Happy Valley is quiet little road that I often use in the Summer months. The road starts near to Tywyn,,, climbs gently up into the hills to a rocky pass,,, and then drops down to Cwrt on the Dovey estuary,, the route neatly avoids the bright lights and gridlock of Aberdovey



> Aberdovey (Aberdyfi) is situated in the most south western corner of the Snowdonia National Park, Aberdyfi is the one of the finest coastal resorts in Wales. The picturesque, pastel colour-washed cottages, shops and inns are enclosed beneath the steep wild slopes of the southern edge of the Tarren Hills and the extensive sand of the Dovey (Dyfi) Estuary. The beaches and dunes extend north to Tywyn some 4 miles (6km) away.

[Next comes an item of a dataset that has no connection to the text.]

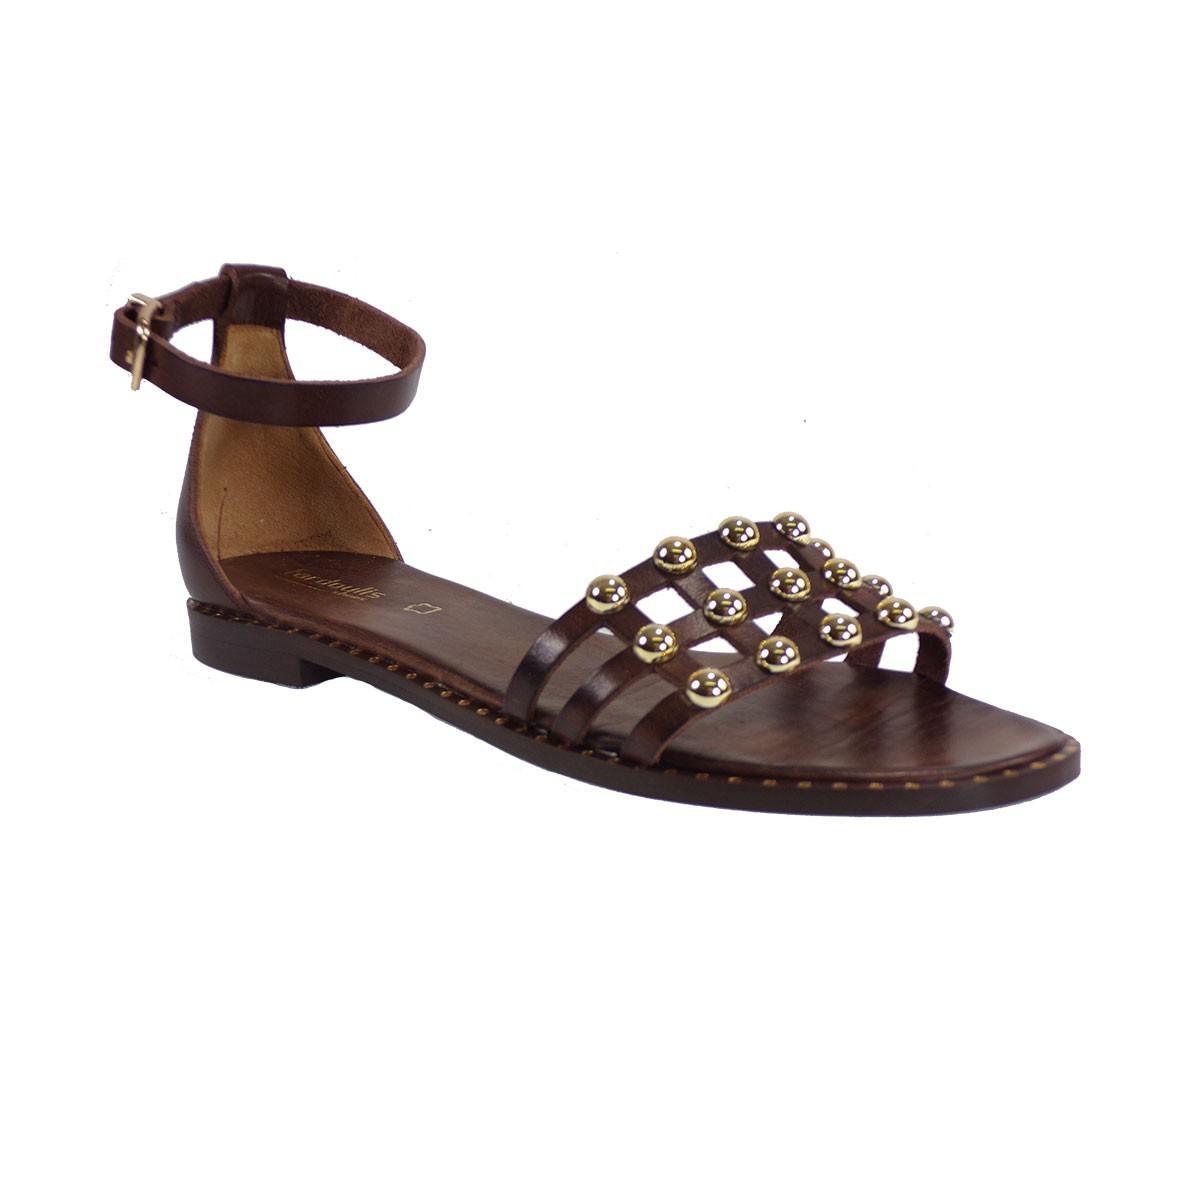 e1406d1ed5 Fardoulis shoes Γυναικεία Πέδιλα 47206 Καφέ Δέρμα

Alongside the dunes is hidden gem of Aberdovey championship links golf course rated in the top 100 in the UK. From the view points of the hills above Aberdyfi the whole arc of Cardigan Bay can be seen, from the rugged wild mountains of Northern Snowdonia and the mysterious Bardsey Island. To the South can be seen the mystic Preseli mountains and the Pembrokeshire coastline pushing out into the wild Atlantic Ocean.




Near to the high point of the Happy Valley road is an isolated house I've noticed several times over the years. First time seen it was a roofless ruin but then I noticed signs of renovation as the rubble was cleared and scaffolding put up. Nailed to a post is a planning notice for the house to be returned to residential use dated 2000. I don't know what the house was used for previously.

Last week I saw it in perhaps the final stage of it's life

While I was taking pictures a farmer stopped and we had a brief chat  Allegedly the house was being refurbished by a local family and they had put a roof on it and were well on the way to fitting it out with all new window frames kitchen units etc. and had been close to moving in. And then the house burnt down!!!! At the time the family were living in a static caravan in the garden and they persevered there for a while but then while the family were out,,,,,,,,,the caravan burnt down as well. The farmer gave me an old-fashioned look as he told me this so putting two and two together I think the family might have taken the opportunity to make a clean break.

Looking on Google maps,, the house has no roof but the caravan is still extant





[/url]

The house is crumbling now and unless some serious money is put into it will slowly blend into the countryside. I think though that it might be an attractive venture for somebody who wants a house in the area as planning permission for new buildings is as scarce as hen's teeth. 






The Sat dish survived the fire











The Water tank was put back in to serve the caravan











The caravan was full of possessions 






There may be trouble ahead,,,,,,,,,,,,,,,,,






I'll keep an eye on it.


----------



## highcannons (Nov 22, 2011)

Thanks mate, theres some nice countryside round there. Must be lots of good exploring. The house doesn't look like it's gonna last many winters.


----------



## smiler (Nov 23, 2011)

Great report and well researched, if it wasn’t for that plus the sat dish, I would have thought it had unused for donkeys years, I enjoyed it Thanks.


----------



## Bluedragon (Nov 23, 2011)

Obviously someone didnt want anyone to move in, all sounds a bit convenient! Great pics mate and well reserched!


----------